_GIVEN INFORMATION:_
↓↓↓
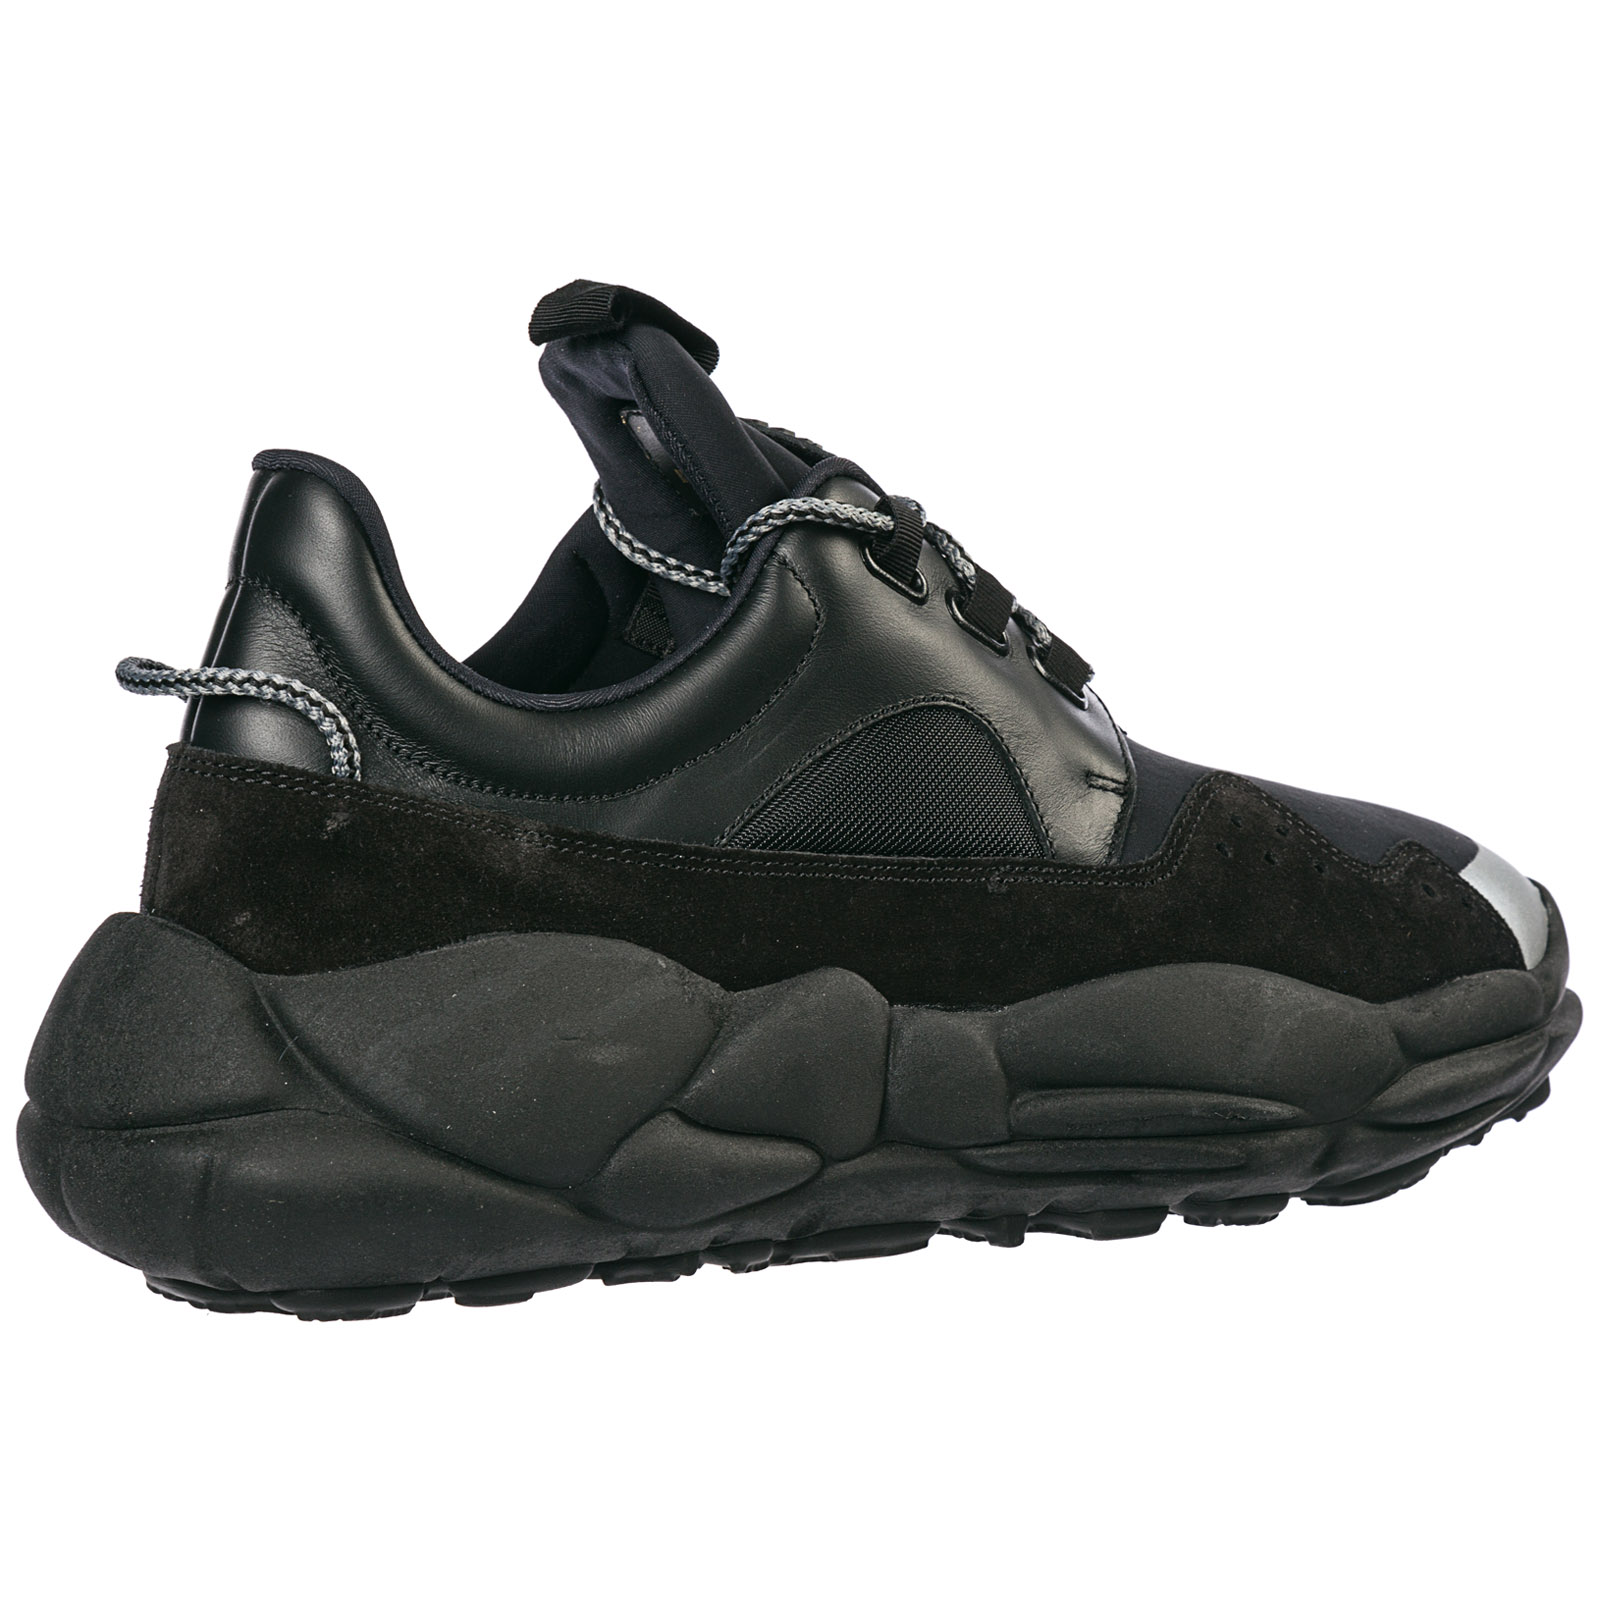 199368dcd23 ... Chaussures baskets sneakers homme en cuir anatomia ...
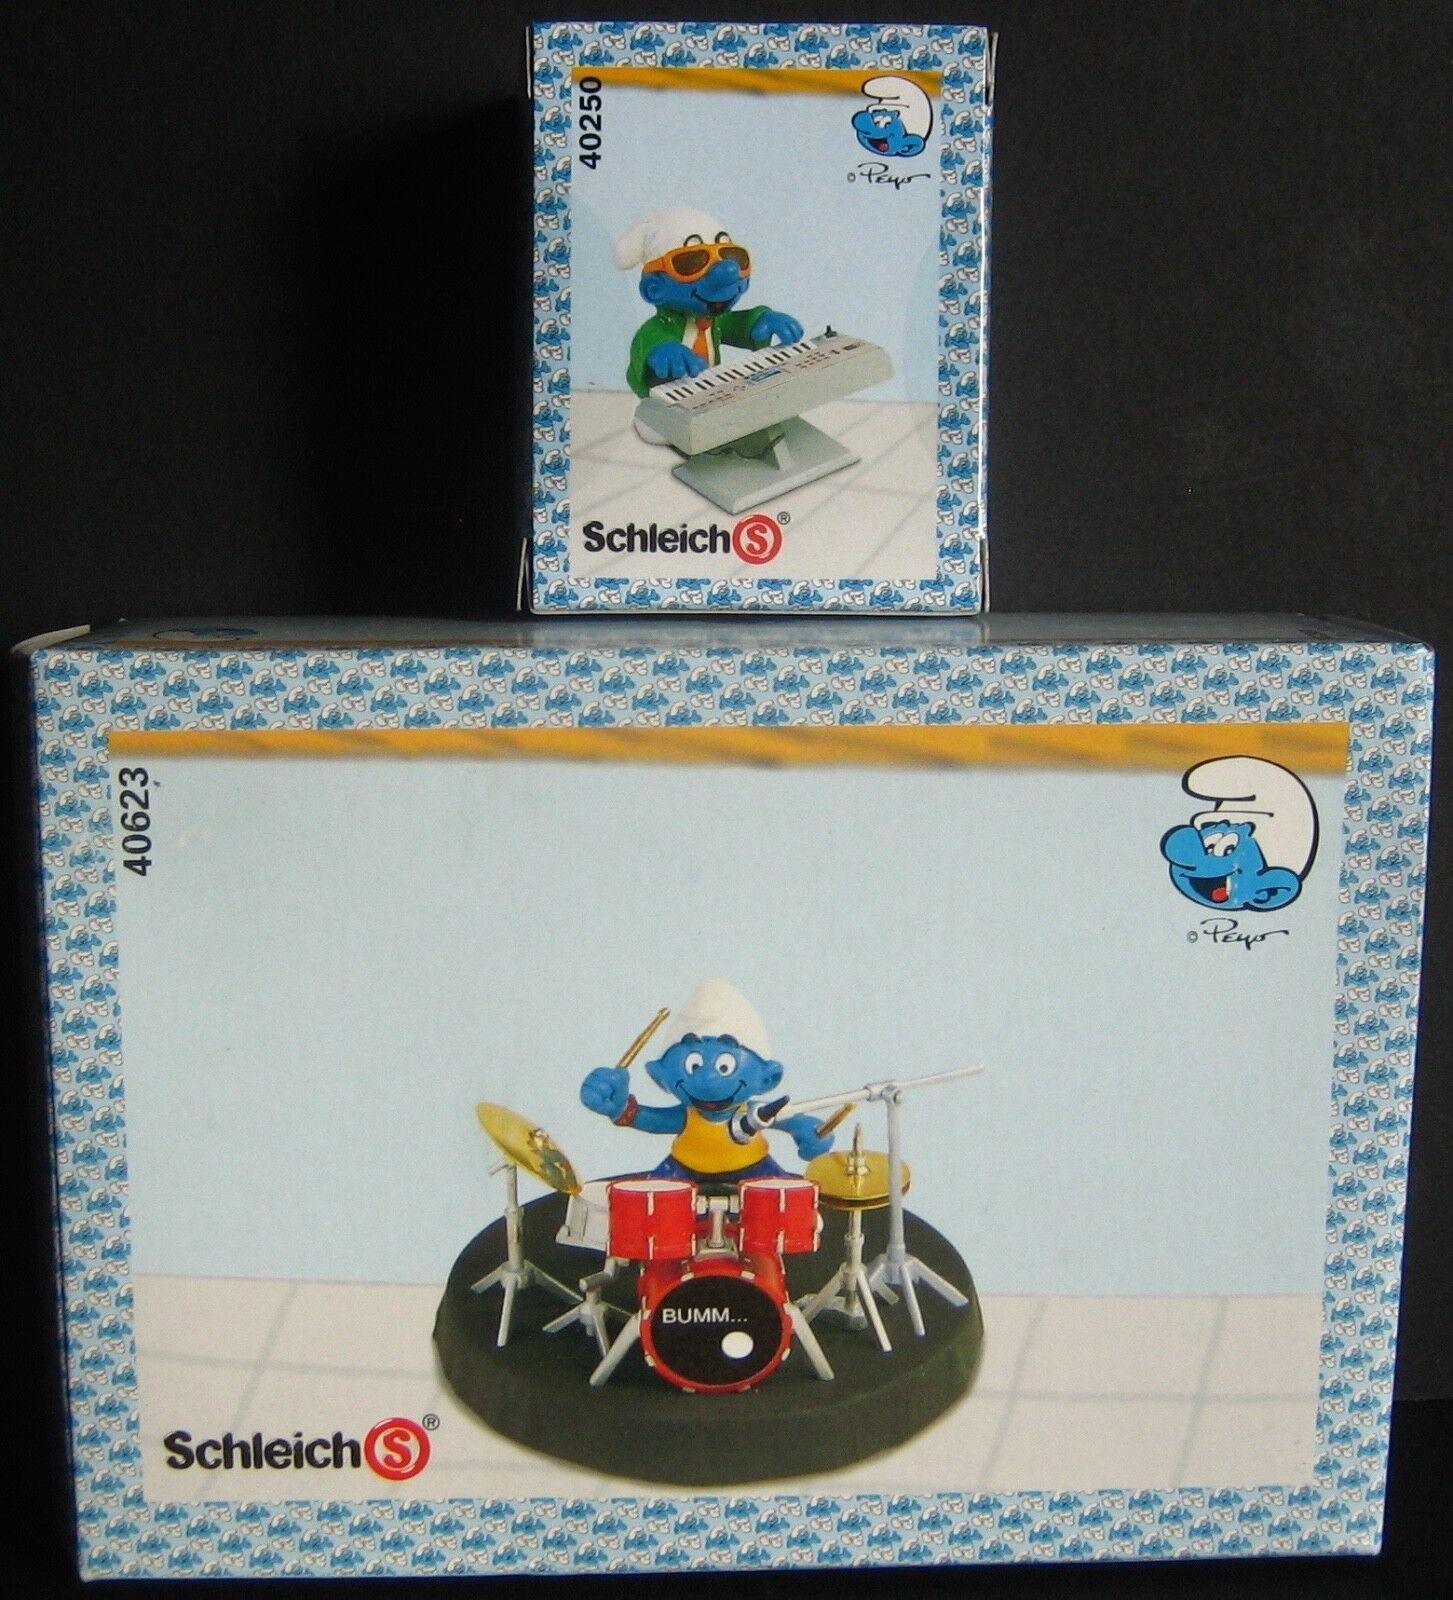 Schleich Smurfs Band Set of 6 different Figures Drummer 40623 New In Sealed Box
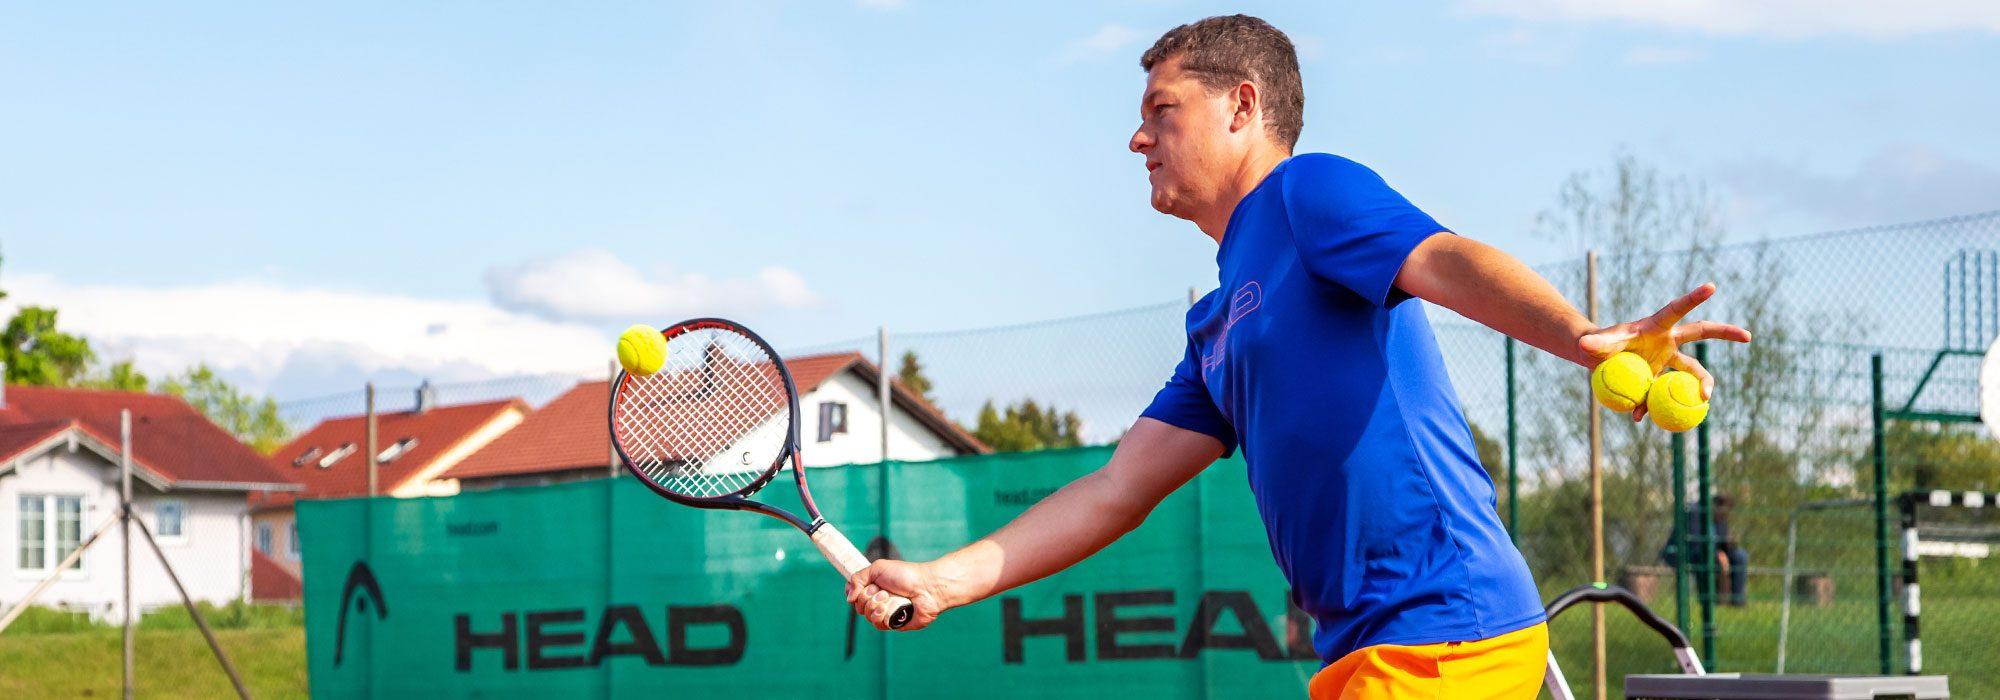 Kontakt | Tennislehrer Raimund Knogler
↑↑↑
_EXERCISE PROMPT:_ The data needs to be reproduced exactly, please, apart from its pictures.

_RESPONSE TO THIS TASK:_
 199368dcd23 ... Chaussures baskets sneakers homme en cuir anatomia ...
 Schleich Smurfs Band Set of 6 different Figures Drummer 40623 New In Sealed Box
 Kontakt | Tennislehrer Raimund Knogler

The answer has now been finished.